Manual Action of Synchronization

If someone pushed to the same branch (to another remote repo) in between the runing of git-repo-sync and your pusing. In this case:

  • Run git-repo-sync
  • Udpate your local repository (git fetch).
  • Check if your commits (push) wasn't deleted from your remote Git-repository. (FYI. You local commits in your local repository will not be changed!)
  • If it was deleted in the remote repo:
  • merge, rebase, etc., your local branch over the latest remote commits;
  • repeat Git-push for your branch.
  • Repeat everything until your pushed branch will be in expected commits in your remote Git-repository.

This situation is covered by notifications but you have to configure this by yourlself in your enterprise environment.

Use Cases

  • Adhesion of Git-remote-repositories of clients and software/support suppliers. Temporary or permanent.
  • Independence from an external remote Git repository if it is slow and could be out of service time after time.
  • You software teams have independent Git remote repositories.

Requirements

  • Install Git
  • Use bash to run git-repo-sync. (It is not tested for zsh)
  • Tune any automation to run git-repo-sync periodically - crones, schedulers, Jenkins, GitLab-CI, etc.

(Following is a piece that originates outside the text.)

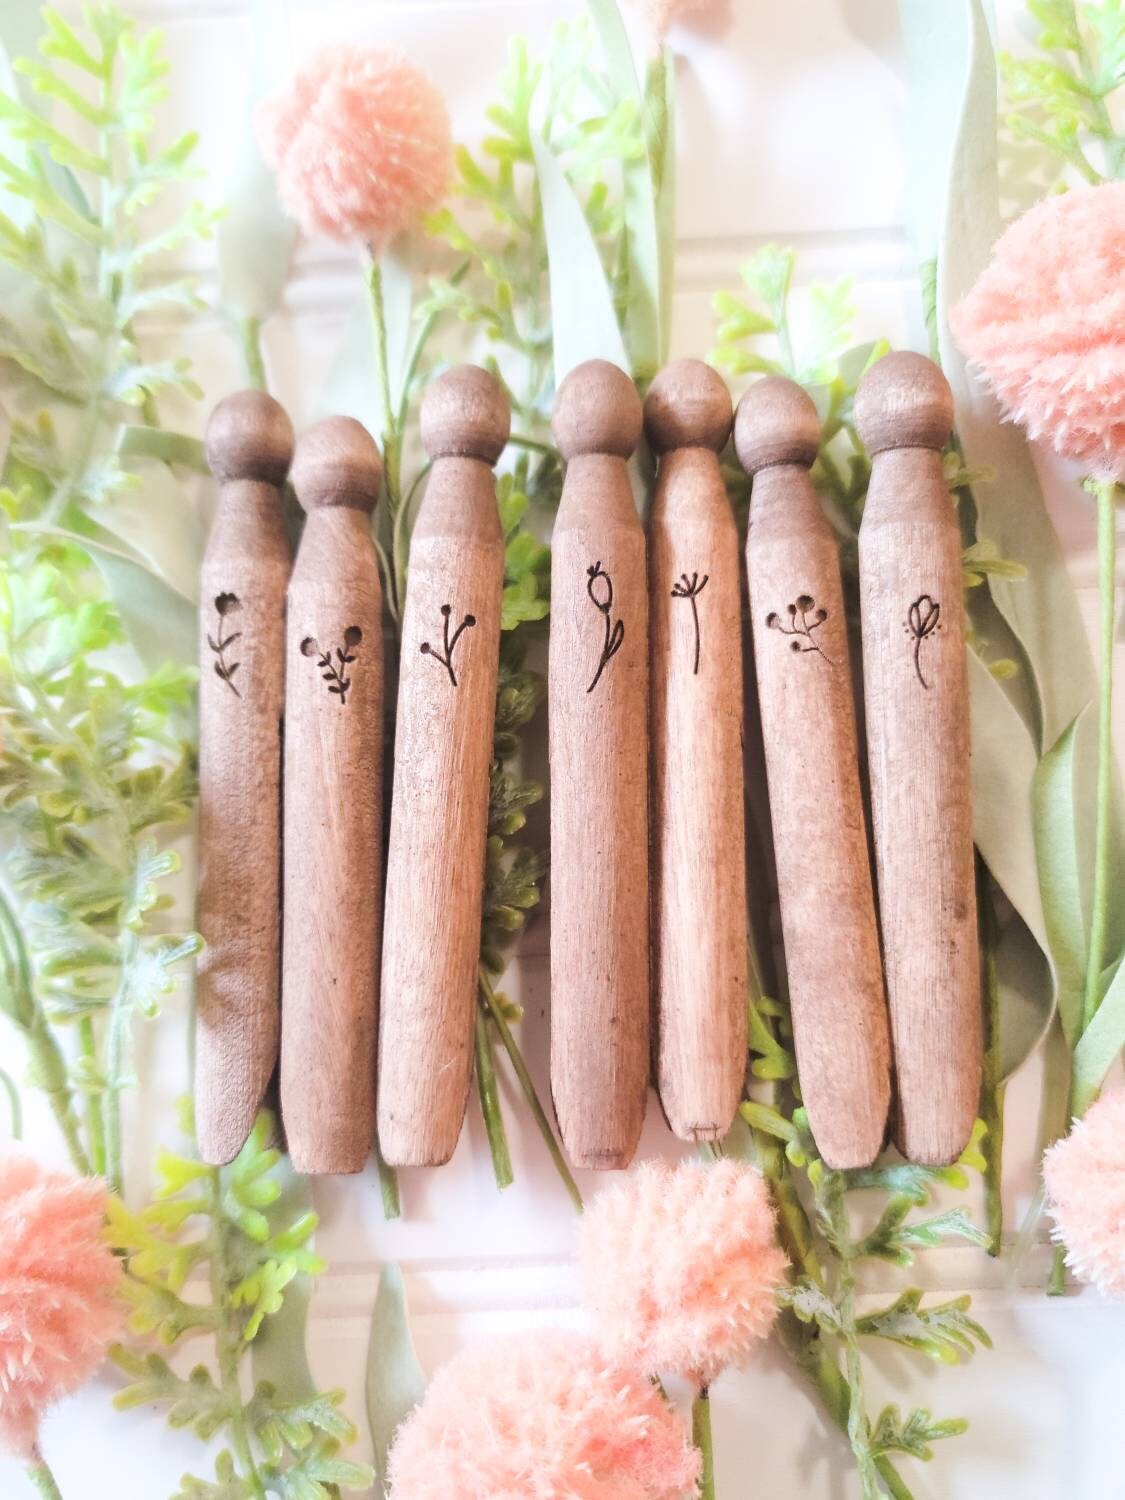 Vintage Inspired Clothespins, Set of 9, Numbered, Old Clothespins, Old  Fashioned Round Wooden Clothespins, Vintage Decor

Or run it periodically yourself.

This is enough for Windows, Arch based Linux (Manjaro), GNU based Linux

macOS Additional Requirements

  • Update bash by running (restart your shell after this)
    • brew install bash
  • Install gAWK (GNU AWK)
    • brew install gawk

Ubuntu Additional Requirements

  • Install gAWK (GNU AWK).

Other Linux Additional Requirements

How to use

Copy git-repo-sync somewhere

git clone https://github.com/it3xl/git-repo-sync.git

Let git-repo-sync know location of your remote Git repositories.
Modify url_a and url_b variables in default_sync_project.sh.
You can use URL-s and file paths.

url_a=https://example.com/git/my_repo.git

url_b='/c/my-folder/my-local-git-repo-folder'

Run periodically the git-sync.sh file, which is located in the root of git-repo-sync.

bash  git-sync.sh

The git-sync.sh will tell you if there are any troubles. For example you need to update awk to gAWK in Ubuntu.

The Trade-off

The Trade-off is an automated Git-conflict solving logic of git-repo-sync.

Even if you run git-repo-sync periodically and often, you still have a chance to get a Git-conflict. But a small chance.
So, you must know what to do in case of Git-conflicts solved by git-repo-sync.

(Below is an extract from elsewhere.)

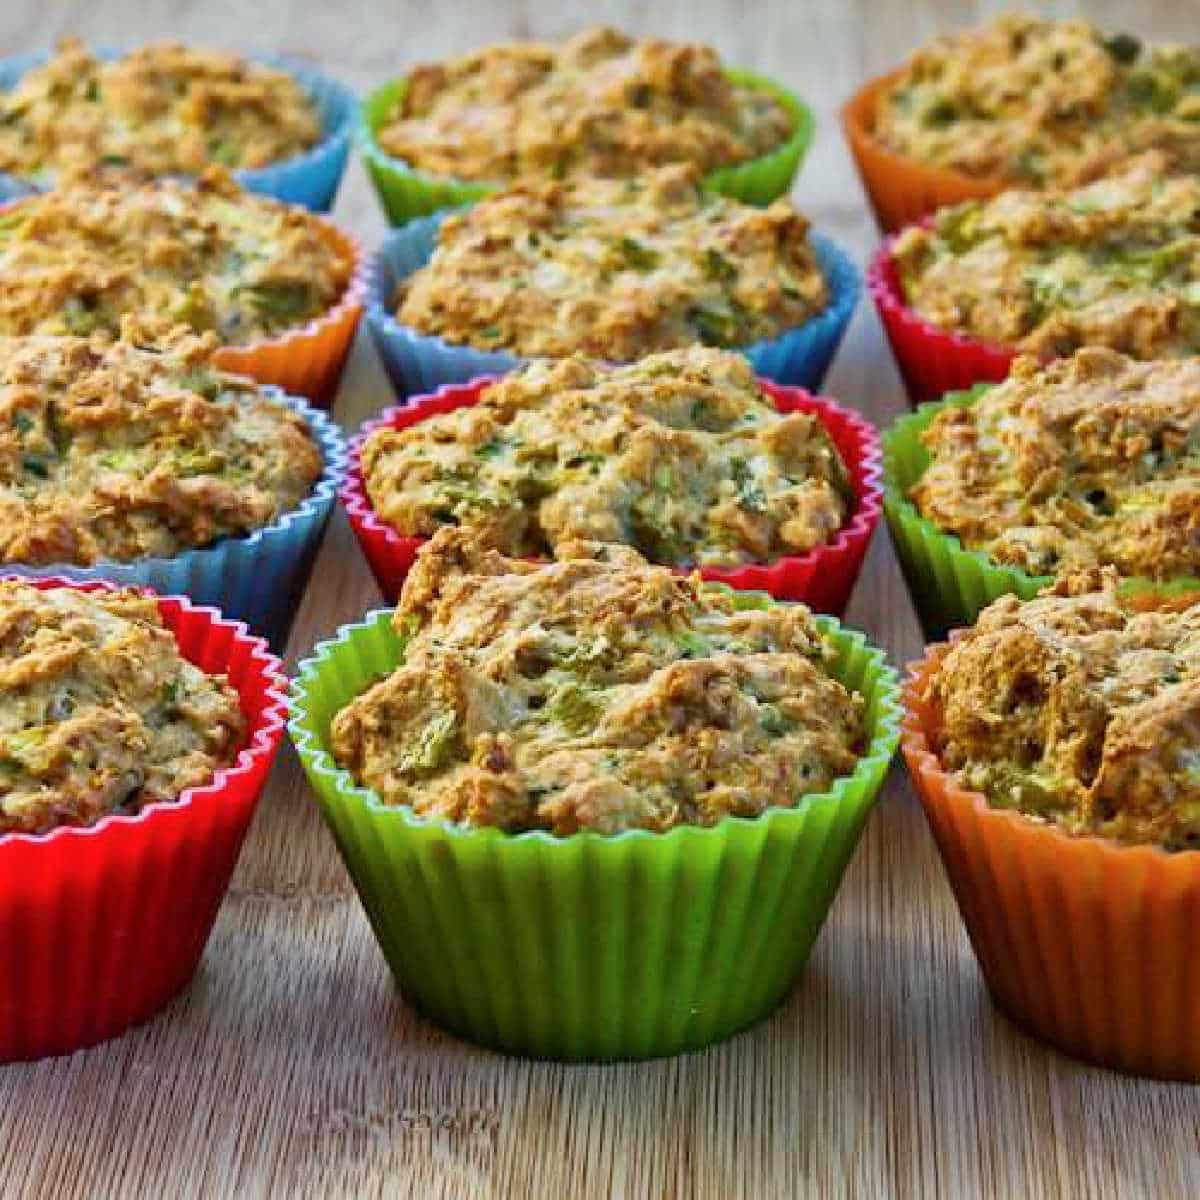 Savory Zucchini Muffins with Green Chiles shown lined up on cutting board

Minimize chances of The Trade-off

Run git-repo-sync before Git-pushing. I.e. synchronize your both Git-remote-repos before pushing into any of them.
In this case, Git will be responsible for conflict resolution, not git-repo-sync.

When git-repo-sync will be solving the conflicts.

You should have the both

  • You run git-repo-sync rarely. I.e. someone aready pushed commites exactly to your branch after last running of git-repo-sync.
  • And you and your teammate have pushed changes to the same Git-branch but through different remote repositories and your remote repositories are no synchronized between your Git-pushes.

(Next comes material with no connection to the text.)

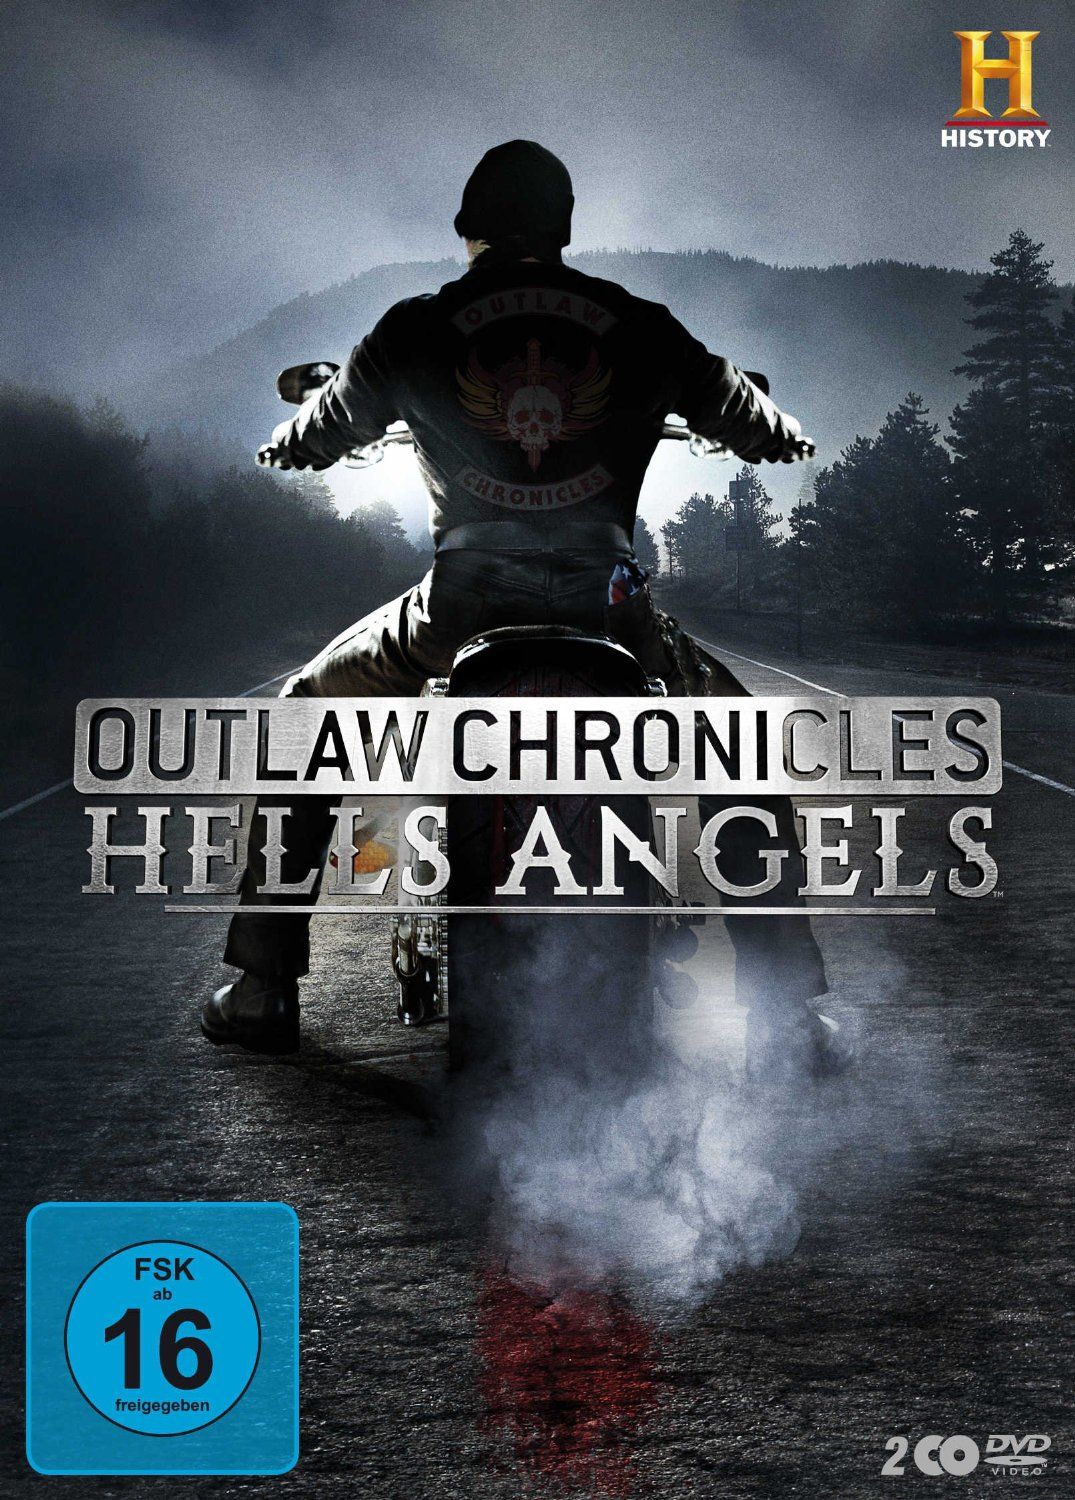 Outlaw Chronicles - Die Hells Angels (2 Discs)

Basically, you don't know about git-repo-sync until you are in this situation.

Behavior of git-repo-sync in case of Git-conflicst

git-repo-sync sees a Git-conflict and uses one of Conflict Solving strategies described below.
As a result, you should provide the below steps to fix The Trade-off.

Your steps to fix The Trade-off

The main idea is "Re-push your local Git-commit in case of a conflict".

  • Run git-repo-sync to synchronize both Git-remote-repositories (if you have no periodical auto-runs).

  • Upload changes from your remote Git-repository to your local repository.

  • Check if you local commit have lost its remote counterpart. I.e. the commit exist only in your local repository.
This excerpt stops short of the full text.